My Relationship with Myself is Weak, Now What?
Think your relationship might be verging on the weaker side? Don’t stress…yet. Acknowledging that you might have a poor relationship with yourself is the first step. Some signs that your relationship might be weak are constantly second-guessing yourself and having little to no self-awareness. Try to really tune in with yourself and figure out if this is something you do constantly.
Don’t fear, there are ways you can improve this relationship too. It’s important to learn that it’s alright to feel uncomfortable. “It’s okay to be uncomfortable because on the other side is peace. With a weak relationship, try stopping doing something you do that makes others happy but makes you feel bad/upset/angry [people-pleasing]. You feel like you can’t stop but the other person expects it,” Crossley said. These things can be small or big, all that matters is that you do something that makes you happy. “I really think positive affirmations help me a lot. I know it’s cheesy but telling yourself how you want to feel will help you eventually feel that way,” University of Kentucky senior Autumn Paine said. You have to actively change your mindset because no one else will do it for you.

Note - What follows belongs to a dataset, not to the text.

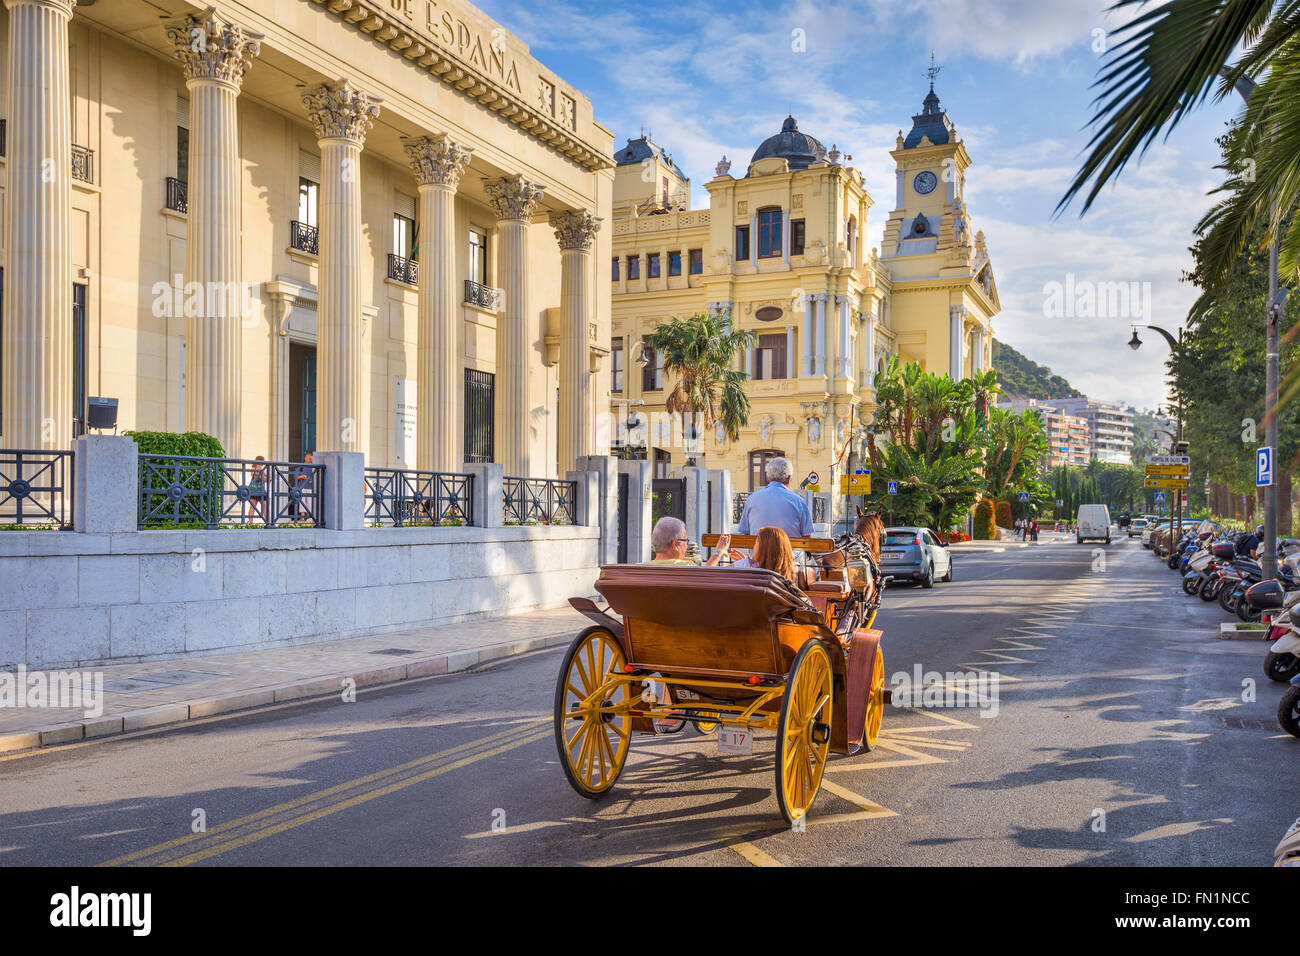 Malaga, Spain horse carriage and street scene. - Stock Image

“One day tell yourself that you don’t have to do this task. Sit through the uncomfortable feelings and be aware of how you feel and what you’re thinking. You aren’t dying, the world didn’t explode,” Crossley said. “Do something you normally wouldn’t do. One teeny tiny thing; it doesn’t have to be major. Reclaim yourself and become in charge of your emotions.” Maybe you do all the dishes in your house most days and don’t feel like doing it today. Or you call your mom every day but just aren’t in the mood one day. Let go of this fear of letting other people down and focus your energy on yourself. These times cause all of us to be fearful and anxious. Remember to always take time for the most important thing in your life–you.